If you ever find yourself as disoriented as I was... My troubles were not caused by CORS (I have complete control over the server(s) and CORS settings were correct!).

The root of my problem stemmed from using Android platform level 28 which disables cleartext network communications by default, while attempting to develop an app that connects to my laptop's IP address (where the API server is hosted). The URL for the API base is something like http://[LAPTOP_IP]:8081. Since it's not using https, the Android webview blocked all network traffic between the phone/emulator and the server on my laptop. To resolve this issue:

Implement a network security configuration

Create a new file in the project: resources/android/xml/network_security_config.xml

<?xml version="1.0" encoding="utf-8"?>
<network-security-config>
  <!-- Set application-wide security config -->
  <base-config cleartextTrafficPermitted="true"/>
</network-security-config>

NOTE: Exercise caution when implementing this, as it allows all cleartext traffic from your app (without being forced to use HTTPS). You can add further restrictions if necessary.
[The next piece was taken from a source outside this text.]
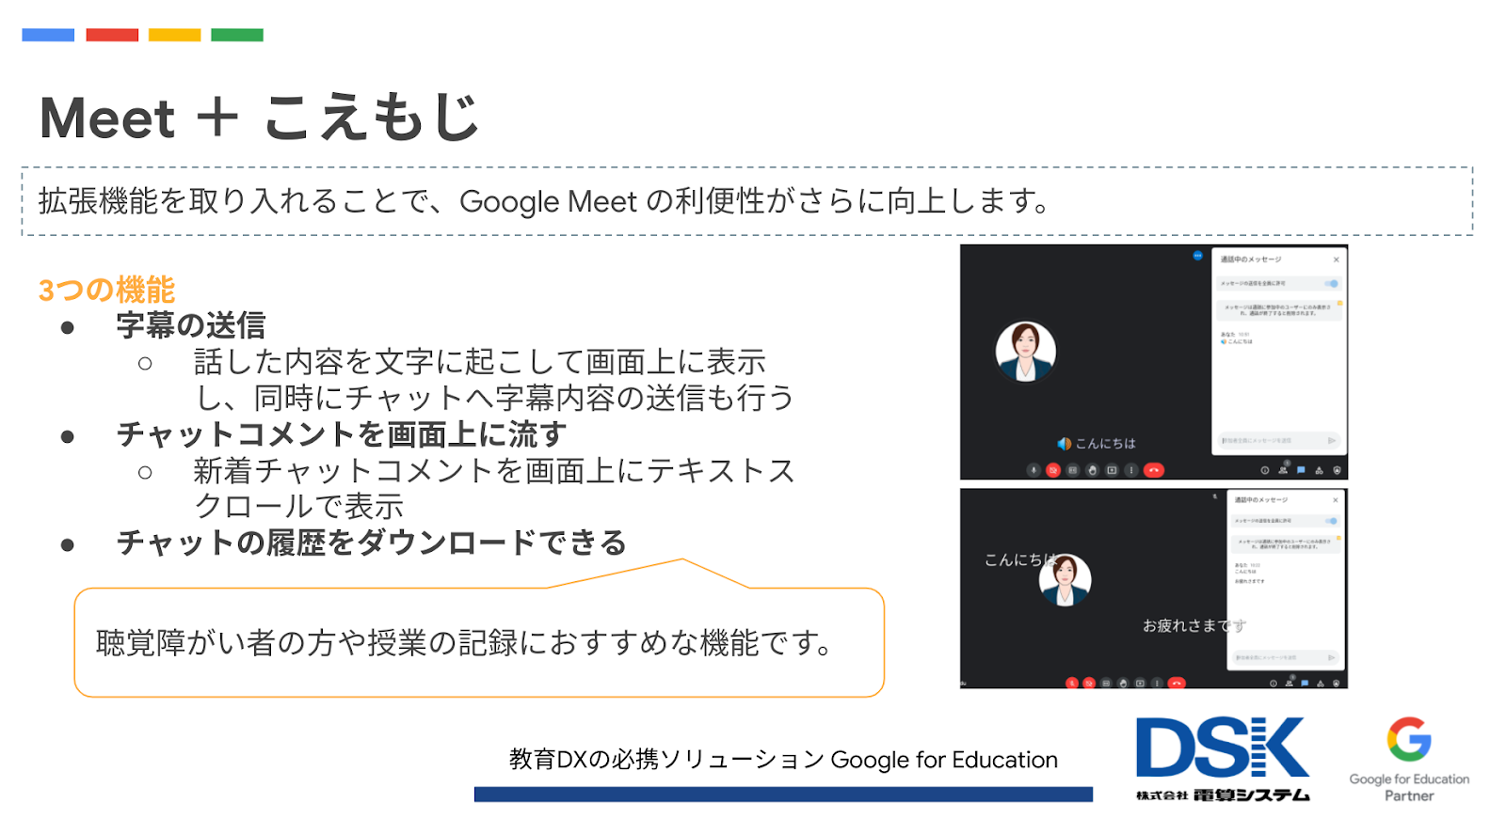 【イベントレポート】Google Meet で豊かなオンライン授業を-2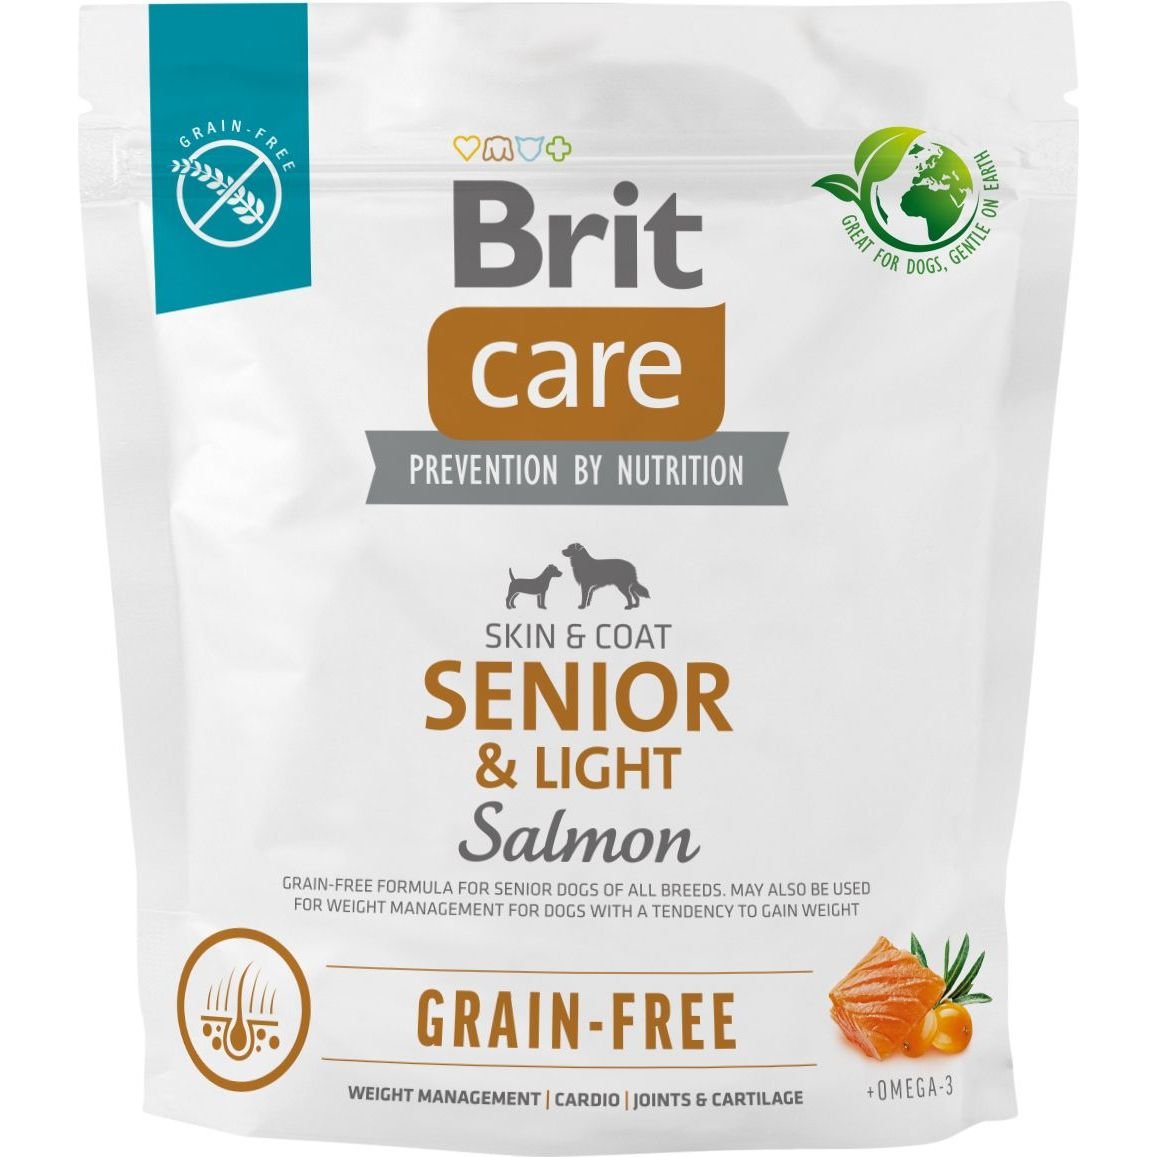 Сухой беззерновой корм для стареющих собак Brit Care Dog Grain-free Senior&Light, с лососем, 1 кг - фото 1

Referencing the configuration in the main config.xml file

<platform name="android">
    ...
    <edit-config file="app/src/main/AndroidManifest.xml" mode="merge" target="/manifest/application" xmlns:android="http://schemas.android.com/apk/res/android">
        <application android:networkSecurityConfig="@xml/network_security_config" />
    </edit-config>
    <resource-file src="resources/android/xml/network_security_config.xml" target="app/src/main/res/xml/network_security_config.xml" />
    ....
</platform>

That's all there is to it! After rebuilding the APK, the app could effectively communicate from both the emulator and phone.
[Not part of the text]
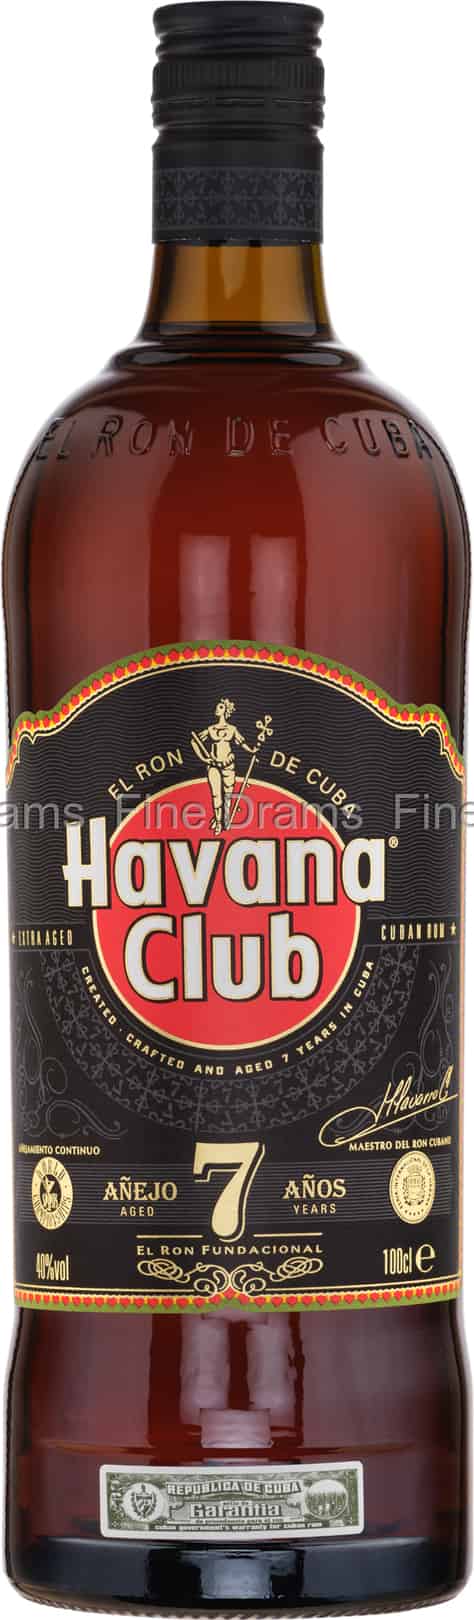 Havana Club 7 Year Old Rum (1 Liter)

For more information on network security: https://developer.android.com/training/articles/security-config.html#CleartextTrafficPermitted

If you're working with a .NET Core application, this solution could be just what you need!

It's important to note that this issue may not necessarily be an Angular or other request error in your front end application.

First off, make sure to include the Microsoft CORS Nuget package:

Install-Package Microsoft.AspNetCore.Cors

Then, add the CORS services in your startup.cs. In your ConfigureServices method, ensure it looks something like this:

public void ConfigureServices(IServiceCollection services)
{
    services.AddCors();
}

Next, incorporate the CORS middleware into your app. In your startup.cs, within the Configure method, make sure it resembles the following:

public void Configure(IApplicationBuilder app, IHostingEnvironment env, 
ILoggerFactory loggerFactory)
{
    app.UseCors( options => 
    options.AllowAnyOrigin().AllowAnyMethod().AllowAnyHeader());
    app.UseMvc();
}

The options lambda employs a fluent API so you can customize it by adding or removing additional options as needed. While you have the option to use “AllowAnyOrigin” to accept any domain, I strongly advise against it as it can leave your app vulnerable to cross origin calls from unauthorized sources. Additionally, you can restrict cross origin calls to specific HTTP methods (e.g., GET/PUT/POST) to control which actions are accessible across domains.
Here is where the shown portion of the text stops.